Inserting a node in the front of linked list

Question

I have a linked list, now I want to walk through it and each time I advance in it, I move the current node to the beginning of list like this:

4 5 3 2 7
5 4 3 2 7
3 5 4 2 7
2 3 5 4 7
7 2 3 5 4

The code:

#include <stdio.h>
#include <stdlib.h>

typedef struct _node {
    int p;
    struct _node *next;
} node;

main(int argc, char **argv)
{
    int i, n;
    node *nod = NULL;
    node *nod2 = NULL;
    node *nod_tmp = NULL;

    node *nod_next = NULL;
    node *nod_before = NULL;

    printf("Enter n: ");
    scanf("%d", &n);
    for(i = 0; i < n; ++i)
    {
        nod_tmp = (node *)malloc(sizeof(node));
        scanf("%d", &nod_tmp->p);
        if (i == 0)
        {
            nod = nod2 = nod_tmp;
        }
        nod2->next = nod_tmp;
        nod2 = nod_tmp;
    }

    nod_tmp = nod;
    while (nod_tmp->next != NULL)
    {
        nod_before = nod_tmp; // save current node
        nod_next = nod_tmp->next->next; // save next node
        nod_before->next = nod_next; // link the previous with the next one
        nod_tmp->next = nod; // point the current node to the beginning of list
    }

    while(nod != NULL)
    {   
        printf("%d\n", nod->p);
        nod = nod->next;
    }
    return 0;
}   

Answer 1

#include <stdio.h>
#include <stdlib.h>

typedef struct _node {
    int p;
    struct _node *next;
} node;

main(int argc, char **argv)
{
    int i, n;
    node *nod = NULL;
    node *nod2 = NULL; //header of the linked list
    node *nod_tmp = NULL;

    printf("Enter n: ");
    scanf("%d", &n);
    for(i = 0; i < n; i++)
    {
        nod_tmp = (node *)malloc(sizeof(node));
        scanf("%d", &nod_tmp->p);
        nod_tmp->next = nod2;
        nod2 = nod_tmp;
    }

    nod = nod2;

    printf("Linked list order before reversing:  ");
    while(nod != NULL)
    {   
        printf("%d  ", nod->p);
        nod = nod->next;
    }
    printf("\n");

    nod = nod2;
    while (nod!=NULL && nod->next != NULL)
    {
        nod_tmp = nod2;
        nod2 = nod->next;
        nod->next = nod2->next;
        nod2->next = nod_tmp;
    }

    nod = nod2;

    printf("Linked list order after reversing:  ");
    while(nod != NULL)
    {   
        printf("%d ", nod->p);
        nod = nod->next;
    }
    printf("\n");
    return 0;
}   

Answer 2

nod_tmp = nod->next;
nod_before= nod;
while (nod_tmp != NULL)
{
     nod_before->next = nod_tmp->next;
     nod_tmp->next = nod;
     nod = nod_tmp;
     nod_tmp = nod_before->next;
}

Change your second loop to this loop above.
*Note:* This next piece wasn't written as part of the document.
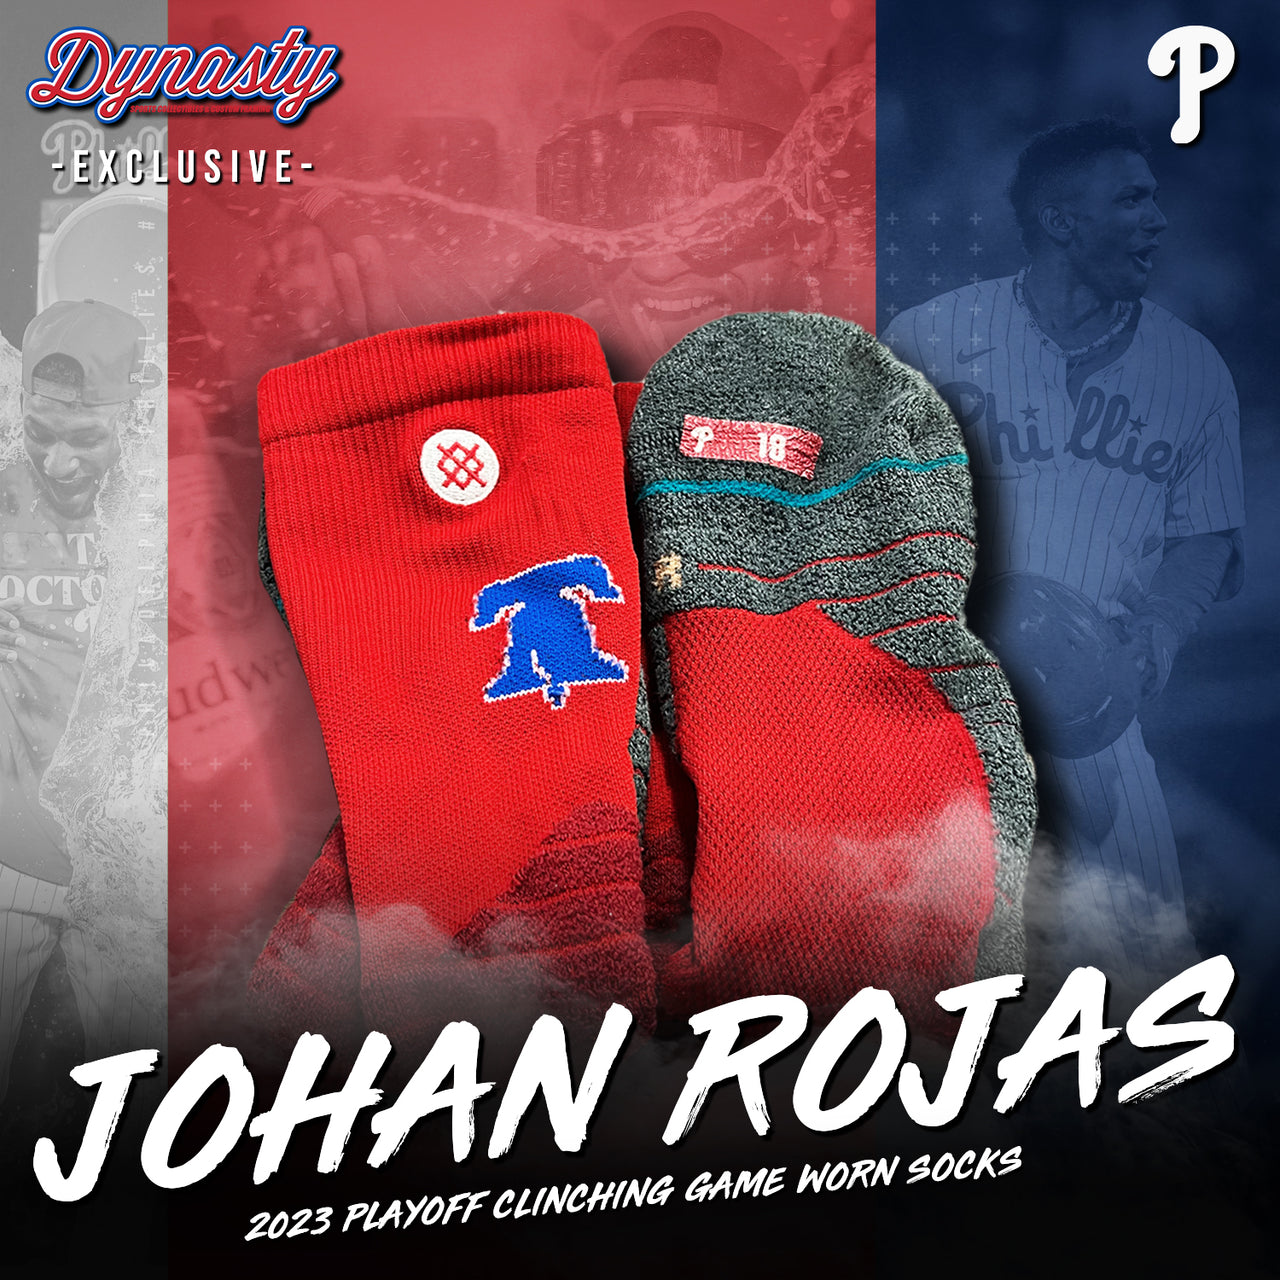 Johan Rojas Game-Worn Socks From Phillies Postseason Clinching Game

Note that node_tmp points to the second node after the head and nod_before points to the first node. This way you avoid infinite loop.

Answer 3

Think seriously about what the while-loop reversing your list is actually doing. For example, assuming we had this list:

1 --> 2 --> 3 -->null

Lets walk your while-loop code:

nod_tmp = nod; // nod and nod_tmp now point to 1
while (nod_tmp->next != NULL)
{
    nod_before = nod_tmp; // nod_before, nod_tmp, and nod all point to 1
    nod_next = nod_tmp->next->next; // nod_next points to 3
    nod_before->next = nod_next; // 1-->3 
    nod_tmp->next = nod; // 1-->1
}

The first node (still referenced by nod_tmp) now points to itself. This will not only cause an infinite spin on your while-condition, it also leaks the rest of the memory in your list.

Answer 4

Inifinite loop right here:

while (nod_tmp->next != NULL)
    {
        nod_before = nod_tmp; // save current node
        nod_next = nod_tmp->next->next; // save next node
        nod_before->next = nod_next; // link the previous with the next one
        nod_tmp->next = nod; // point the current node to the beginning of list
    }